Hello,
I have downloaded vicuna 7b (lmsys/vicuna-7b-v1.5 · Hugging Face), and am using HF library to run it locally. Everything runs fine until I need to save the model after quantizing it.
When I load (localy) my model this way, and try to save it locally:
from transformers import AutoTokenizer, AutoModelForCausalLM, Trainer
import quanto
import torch
import time
import os
os.environ["TOKENIZERS_PARALLELISM"] = "false"
quantization_config = QuantoConfig(weights="int8")
tokenizer = AutoTokenizer.from_pretrained("vicuna-7b-v1.5")
model = AutoModelForCausalLM.from_pretrained(
"vicuna-7b-v1.5",
torch_dtype=torch.float32,
quantization_config=quantization_config,
low_cpu_mem_usage=True)
model.save_pretrained(name_to_save="./vicuna-7b-v1.5-quant-8bit")
It casts this error
ValueError: The model is quantized with QuantizationMethod.QUANTO and is not serializable
When I load (locally) and apply 8-bit quantization along the way
from transformers import AutoTokenizer, AutoModelForCausalLM, Trainer
import quanto
import torch
import time
import os
os.environ["TOKENIZERS_PARALLELISM"] = "false"
tokenizer = AutoTokenizer.from_pretrained("vicuna-7b-v1.5")
model = AutoModelForCausalLM.from_pretrained("vicuna-7b-v1.5", low_cpu_mem_usage=True)
quanto.quantize(model, weights=quanto.qint8, activations=None)
quanto.freeze(model)
model.save_pretrained(name_to_save="./vicuna-7b-v1.5-quant-8bit")
I see this error when trying to save it:
ValueError: do_sample is set to False. However, temperature is set to 0.9 – this flag is only used in sample-based generation modes.
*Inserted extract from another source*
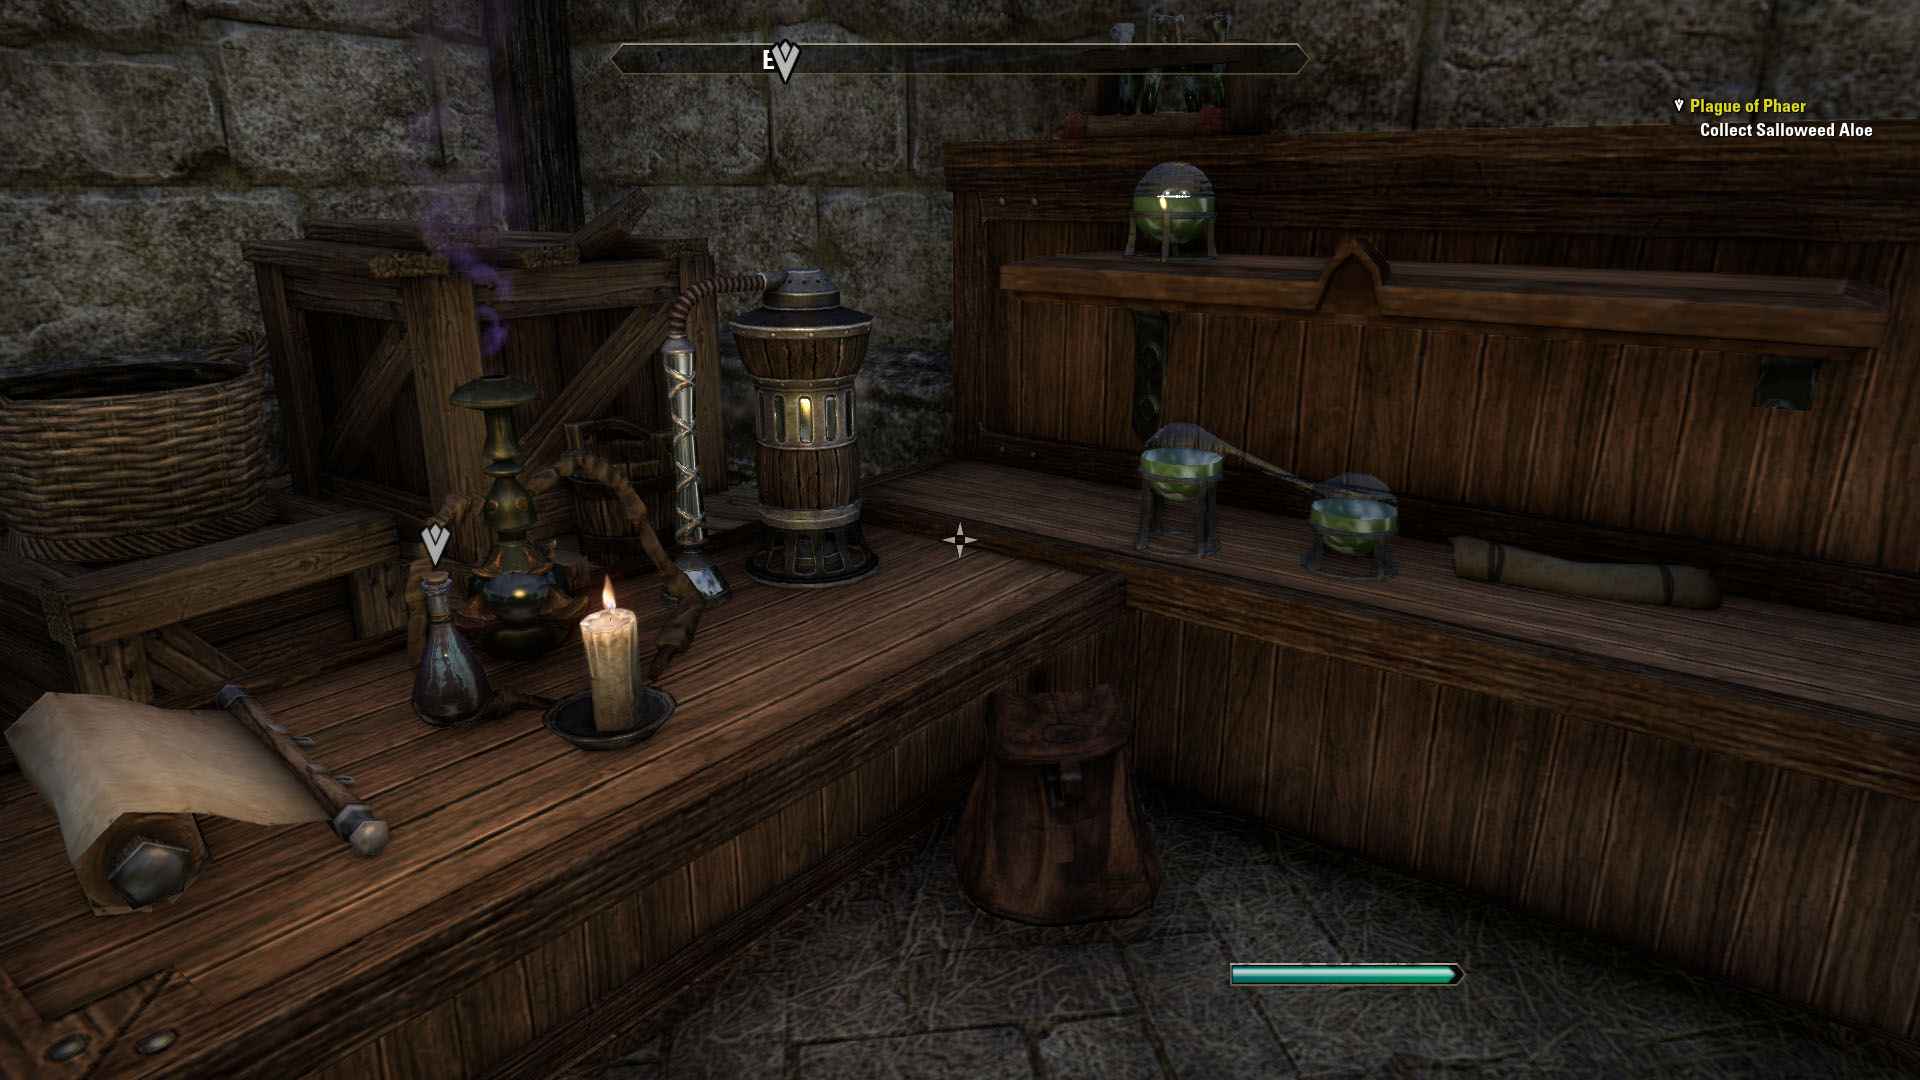 Crafting and alchemy work much like they do in Skyrim

Set do_sample=True or unset temperature to continue."
Doing what is saying in the messages do not help, and after a few hours around HF forums and stack overflow couldn’t find any solution as well. There are hints from some users, saying that downgrade transformers library fix the 2nd error, but it doesn’t work for me.